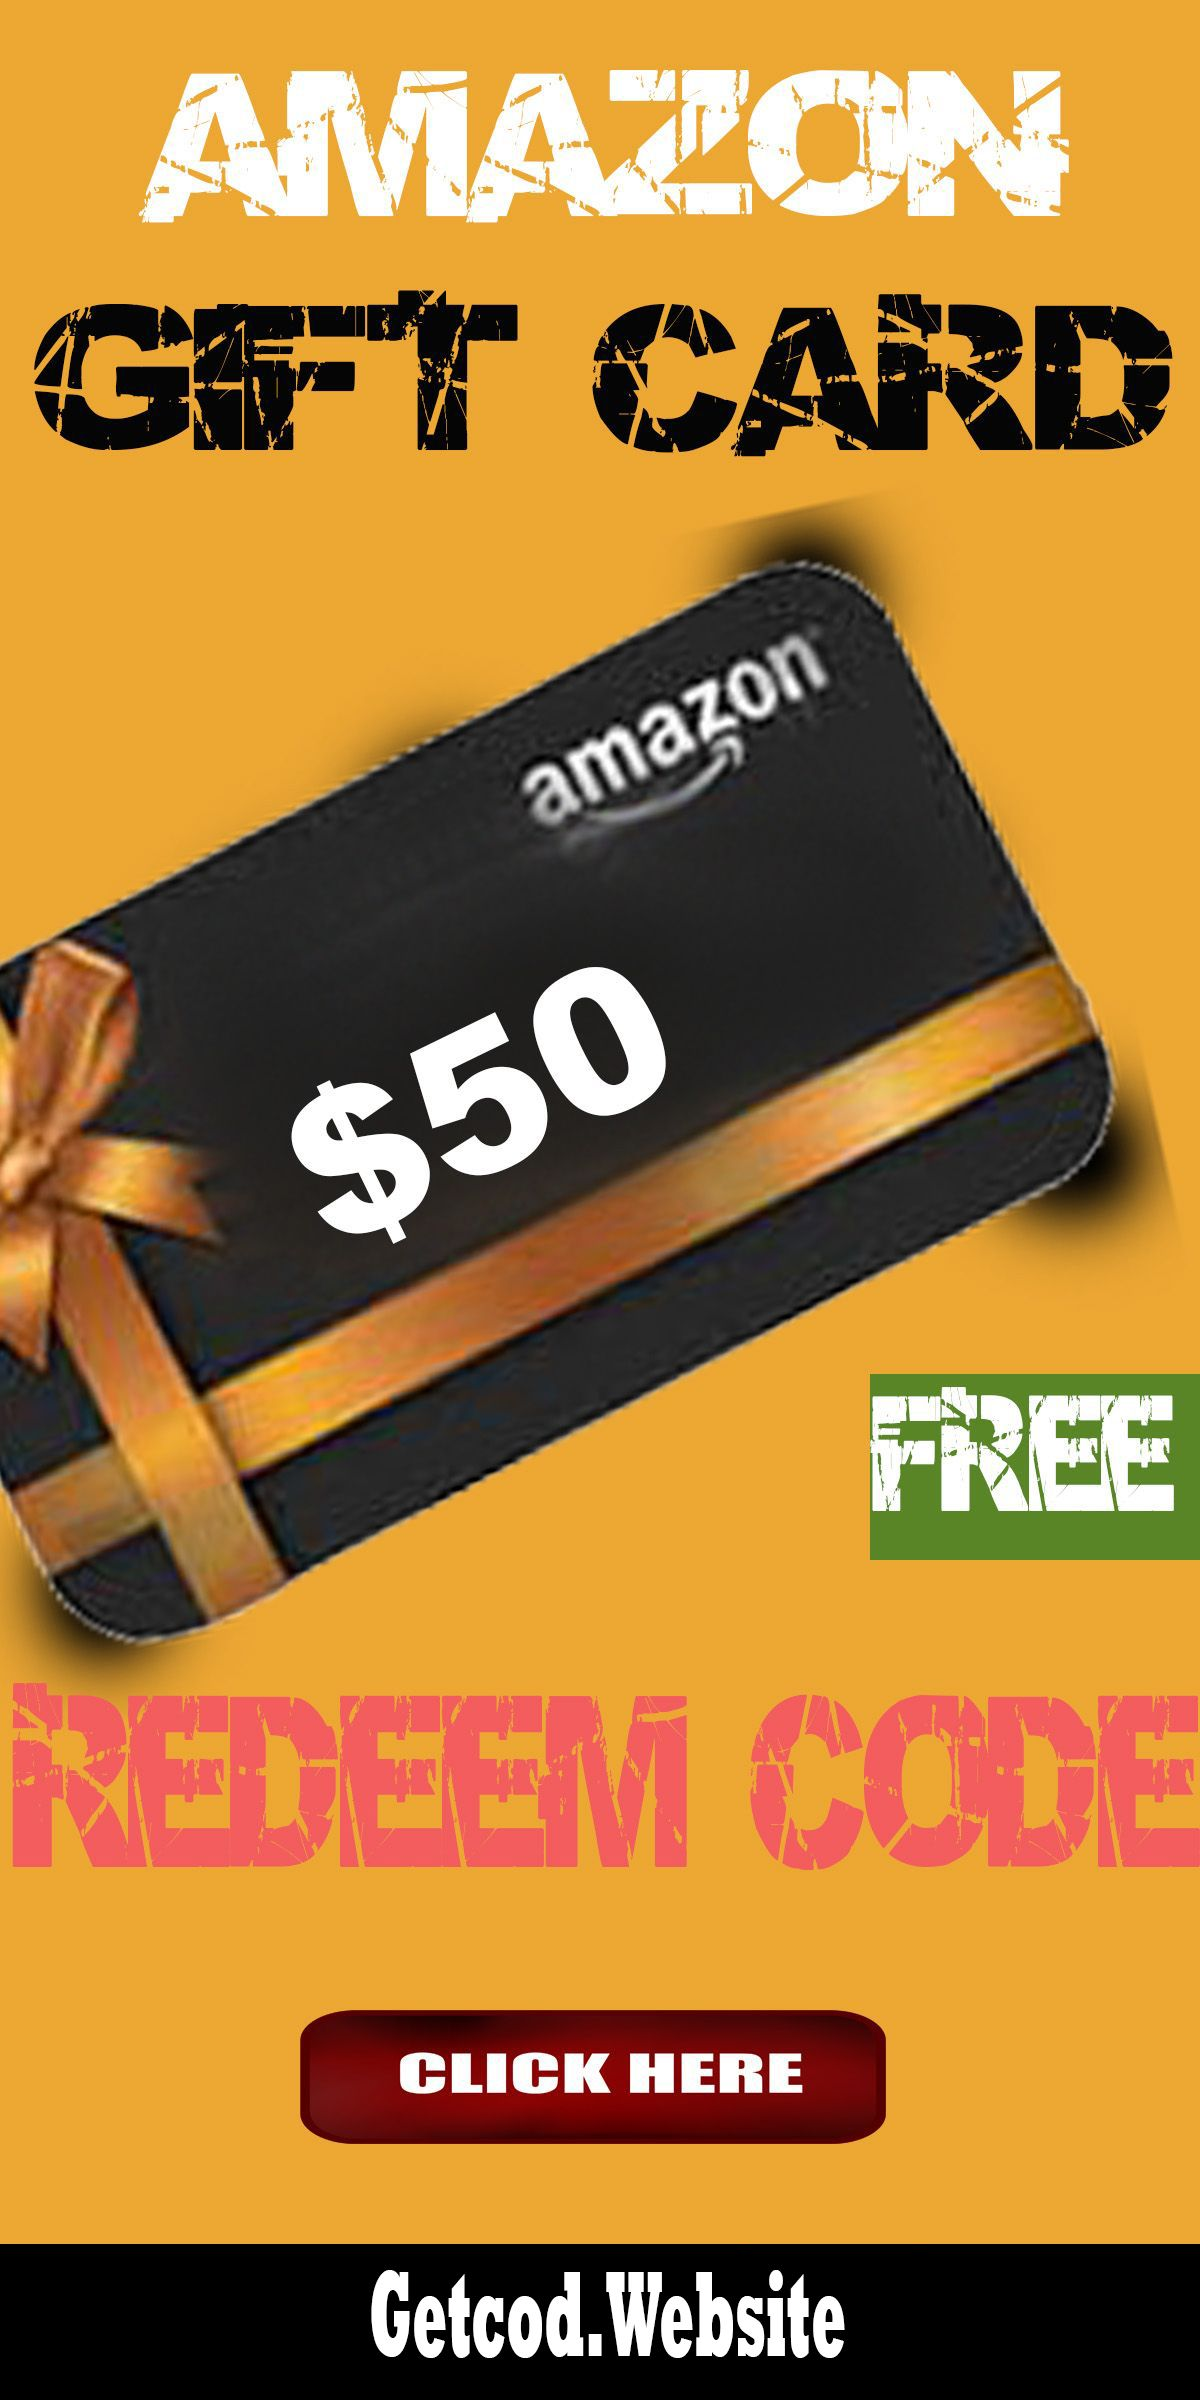 Amazon Promo Code Prime Now Promo Code Amazon Gift Card Free Amazon Gift Cards Free Amazon Products
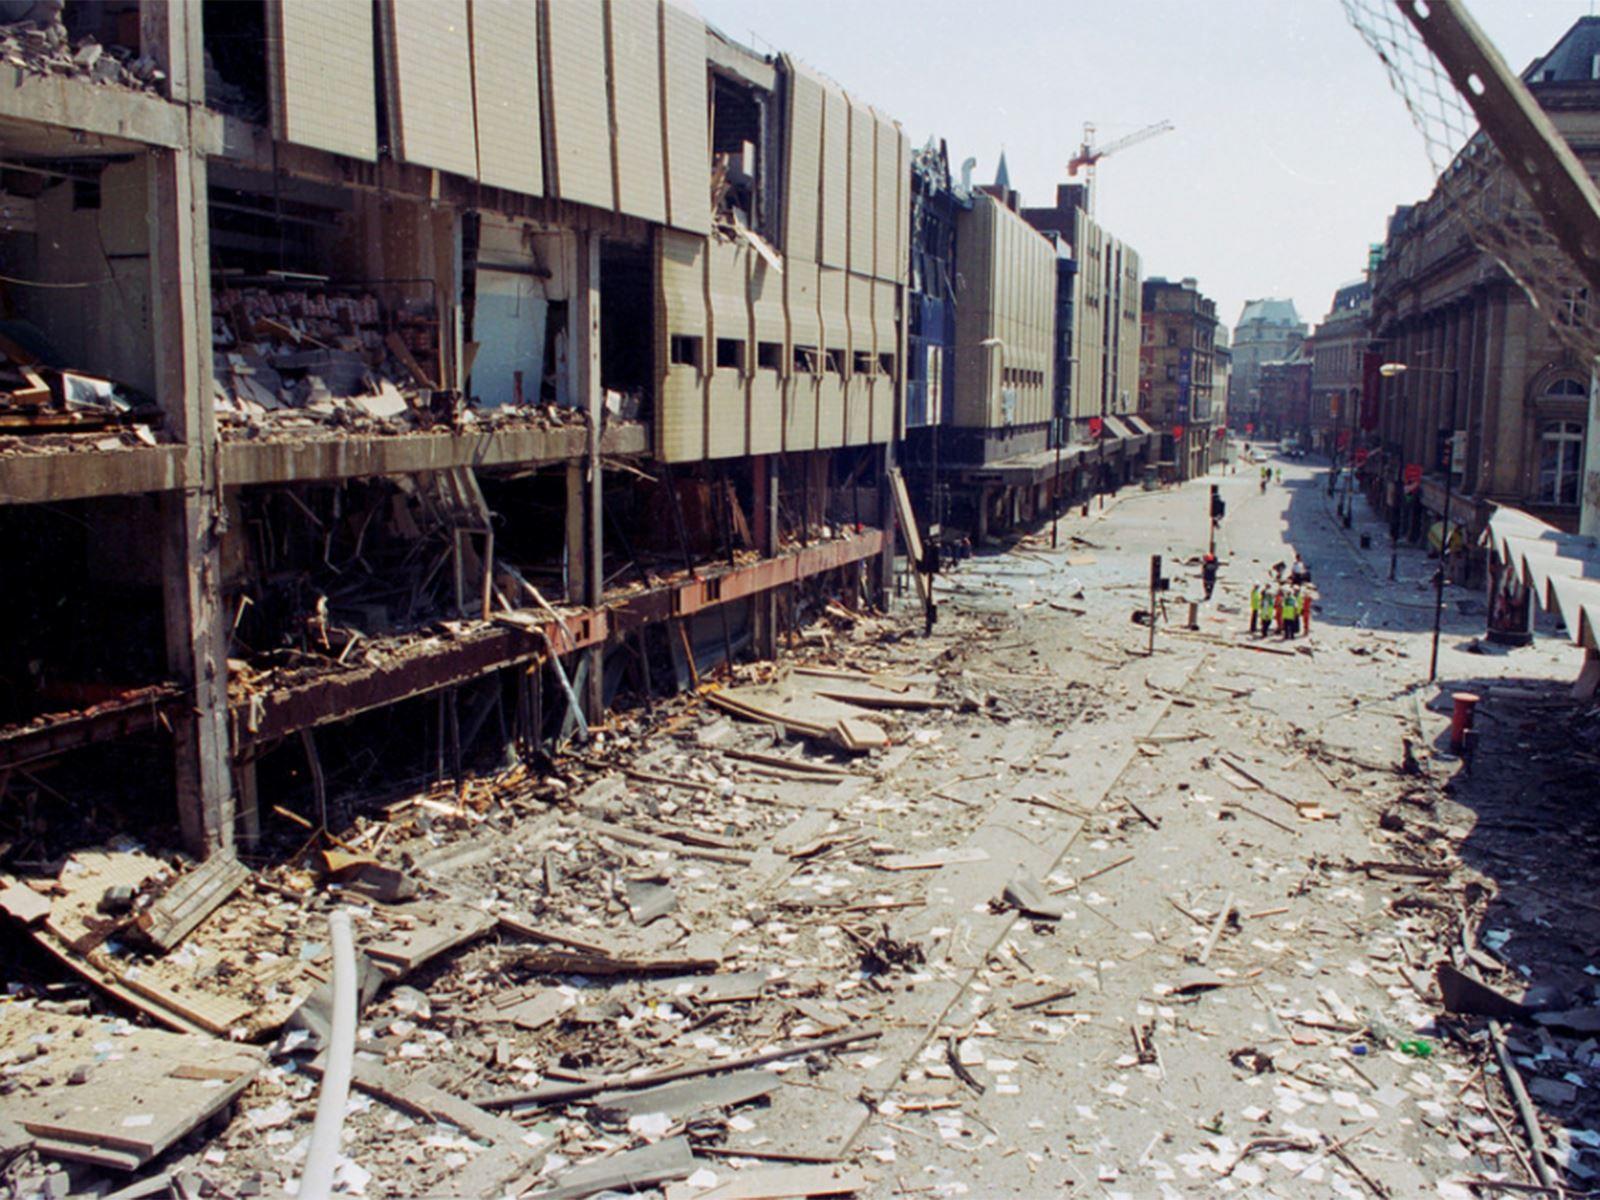 25 years ago, the IRA detonated a 1,500-kilogram lorry bomb on Corporation Street, The Manc
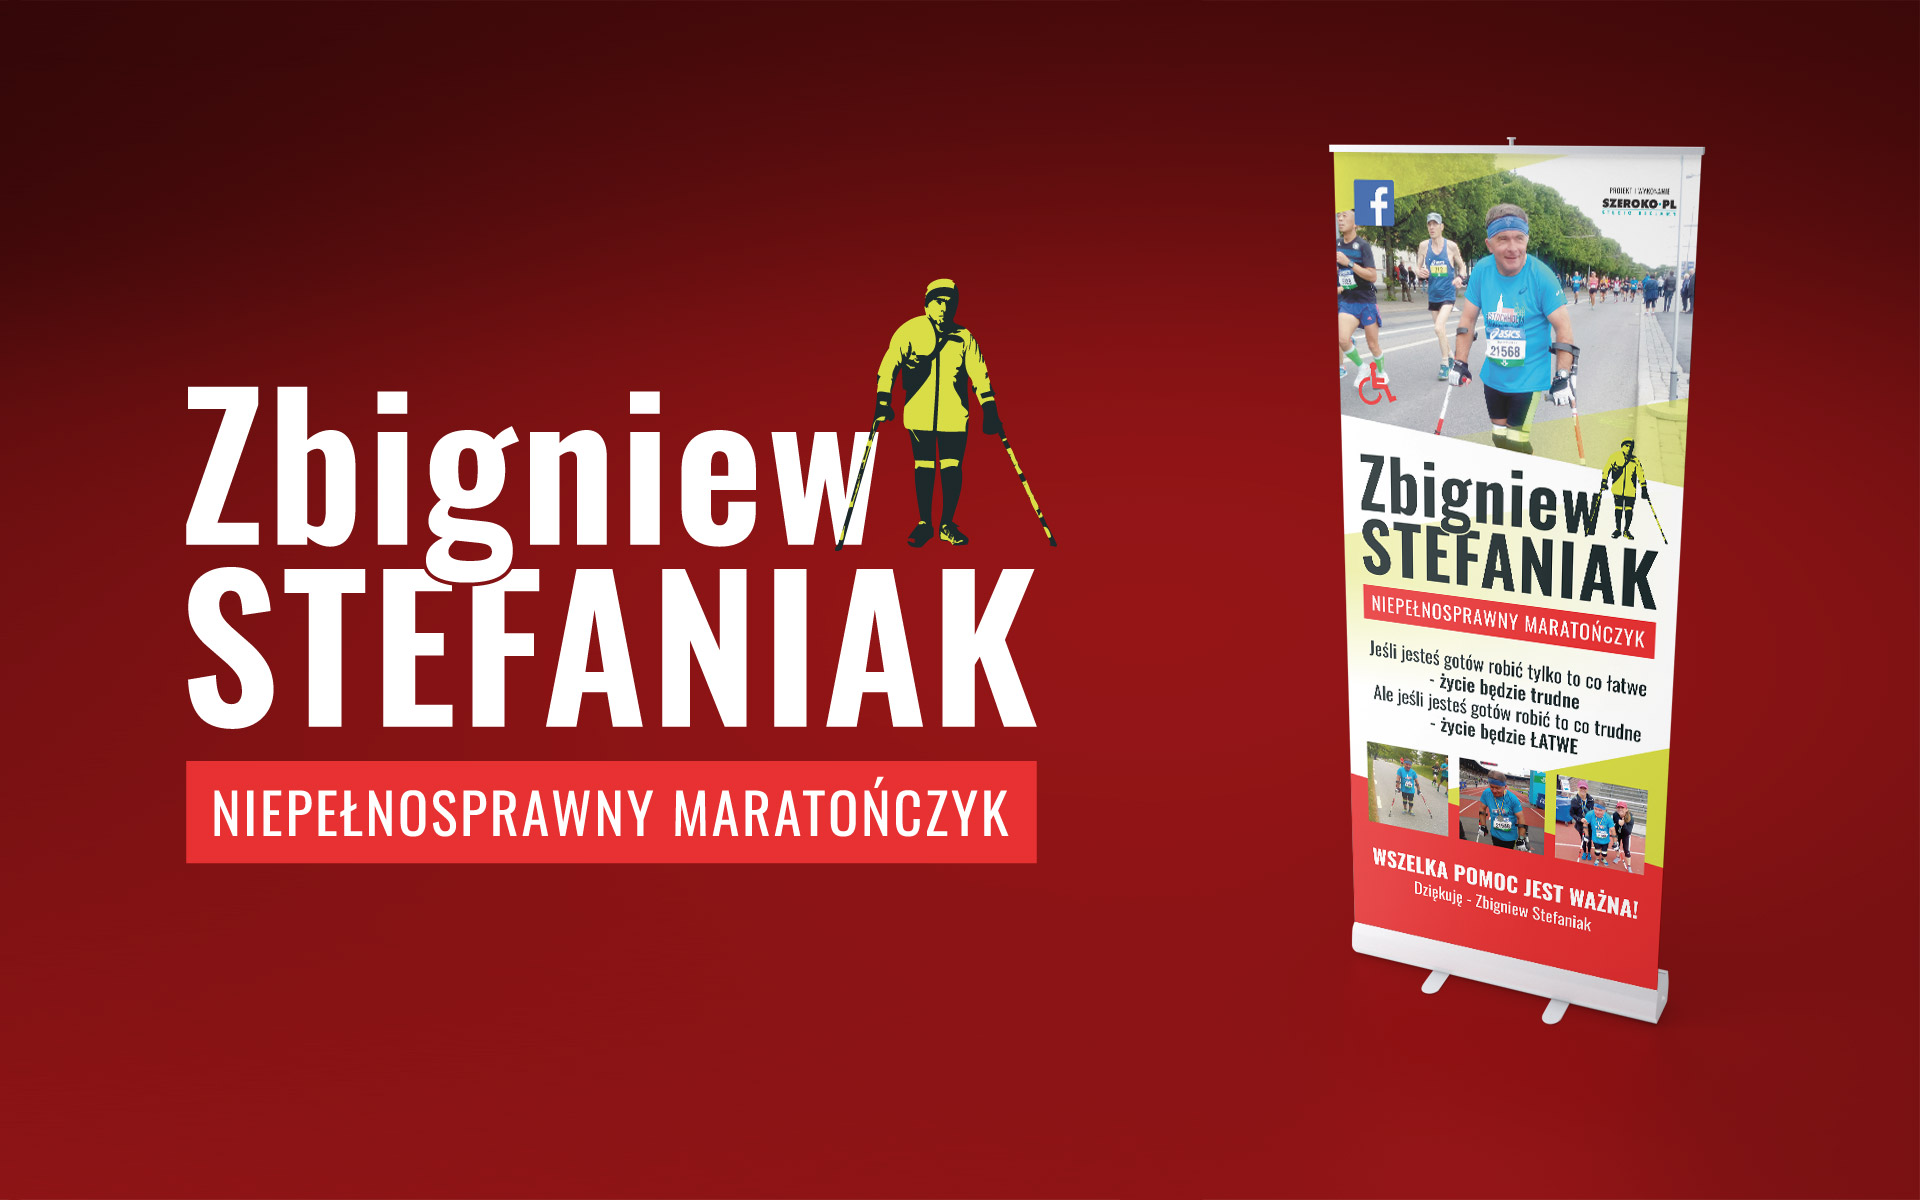 zbigniew-stefaniak-logo-rollup

**Work item**. Leave the images out and transcribe the rest of the material exactly.

**Response to this exercise**.
 Amazon Promo Code Prime Now Promo Code Amazon Gift Card Free Amazon Gift Cards Free Amazon Products
 25 years ago, the IRA detonated a 1,500-kilogram lorry bomb on Corporation Street, The Manc
 zbigniew-stefaniak-logo-rollup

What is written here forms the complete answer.